Please note that there are images ready to be dumped on a microSD card that will save you the trouble of this guide. This guide is only intended to show what is inside those images and for those who want to contribute and improve this process.


  • Read Notes sections attached to some steps, before using the shell
  • Commands prefixed by “#” are meant to be run as root. Commands prefixed by “$” must be run as a normal user.
  • (...) in code snippets means that could be code before/after the modified lines. That portion of code need to stay unmodified.

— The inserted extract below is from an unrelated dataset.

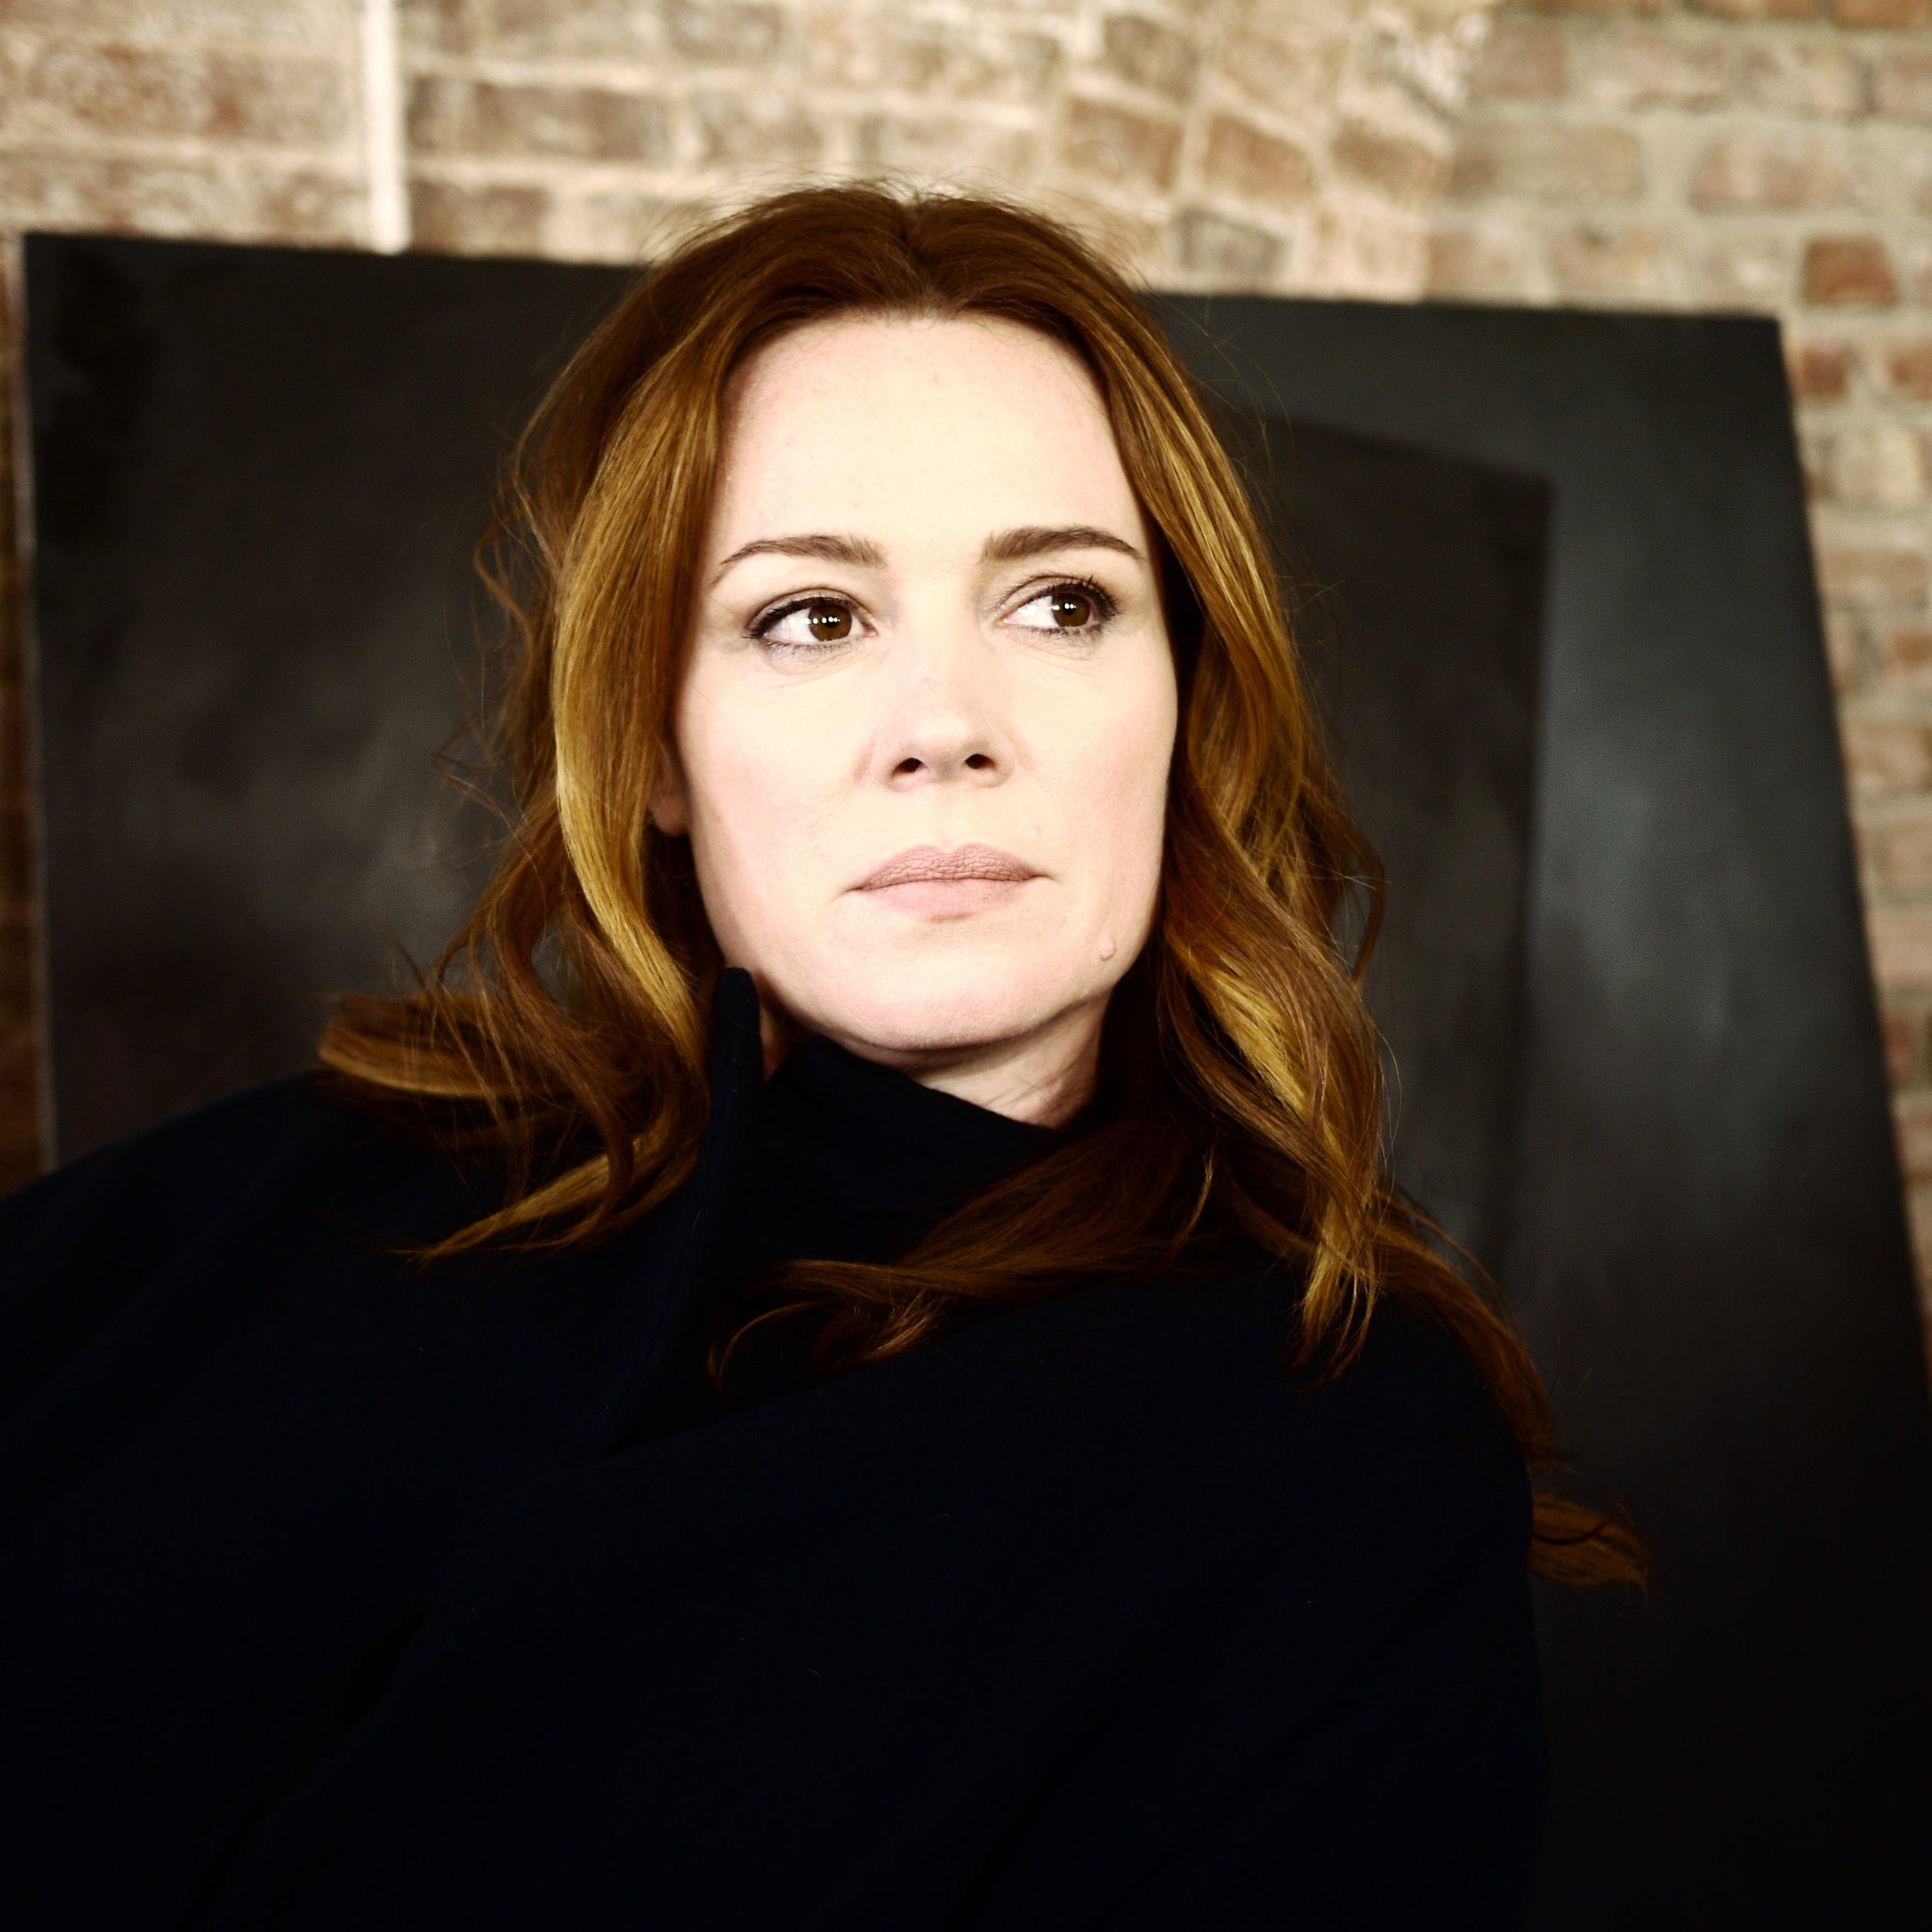 Adrianne de Loia - Founder and Creative Director

1. Install Raspbian on the Raspberry Pi

You can check the steps here

1.1. Upgrade to stretch

Change repositories and upgrade system:

echo "deb stretch main contrib non-free rpi" > /etc/apt/sources.list
echo "deb stretch main ui" > /etc/apt/sources.list.d/raspi.list
apt update
apt upgrade

2. Install the required software

2.1. Install required packages

apt install snapd bridge-utils python-pip python-ws4py git ruby genisoimage
pip install idna==2.5
pip install pylxd==2.0.5
pip install isoparser

2.2. Disable apparmor service

Apparmor can cause problems when installing packages via snaps. You can stop it and disable it from automatic start by executing:

systemctl stop apparmor.service
systemctl disable apparmor.service

2.3. Install LXD as Snap

snap install lxd --channel=2.0/stable

Some apps like pylxd and LXDoNe will assume lxd is installed on /var/lib/lxd. Because we are using LXD through a snap, the installation folder is in another location, so we will create a symbolic link for compatibility with pylxd and LXDoNe.

ln -s /var/snap/lxd/common/lxd/ /var/lib/lxd

3. Initial Configurations

3.1. Configure network bridge

Now let us configure the bridge that will be used by all containers deployed. Configure it in /etc/network/interfaces. Your configuration should look something like this:

auto lo
iface lo inet loopback

#auto eth0
#iface eth0 inet dhcp

auto br0
iface br0 inet static
        bridge_ports eth0
        bridge_fd 0
        bridge_maxwait 0

Reboot to apply changes:


3.2. Initialize LXD

If you never used snapd before, you’ll need to update your PATH for using lxd as root user:

echo "PATH=\"/usr/local/sbin:/usr/local/bin:/usr/sbin:/usr/bin:/sbin:/bin:/snap/bin\"" >> /etc/environment
source /etc/environment && export PATH

And for use it with sudo modify /etc/sudoers replacing:

Defaults        secure_path="/usr/local/sbin:/usr/local/bin:/usr/sbin:/usr/bin:/sbin:/bin"


Defaults        secure_path="/usr/local/sbin:/usr/local/bin:/usr/sbin:/usr/bin:/sbin:/bin:/usr/local/games:/usr/games:/snap/bin"

Provide initial configuration for LXD:

lxd init

Press enter on the first two questions to select default value. On the third question, “Do you want to configure the LXD bridge?”, answer “no”. We won’t use that bridge, instead we will let OpenNebula to do this job.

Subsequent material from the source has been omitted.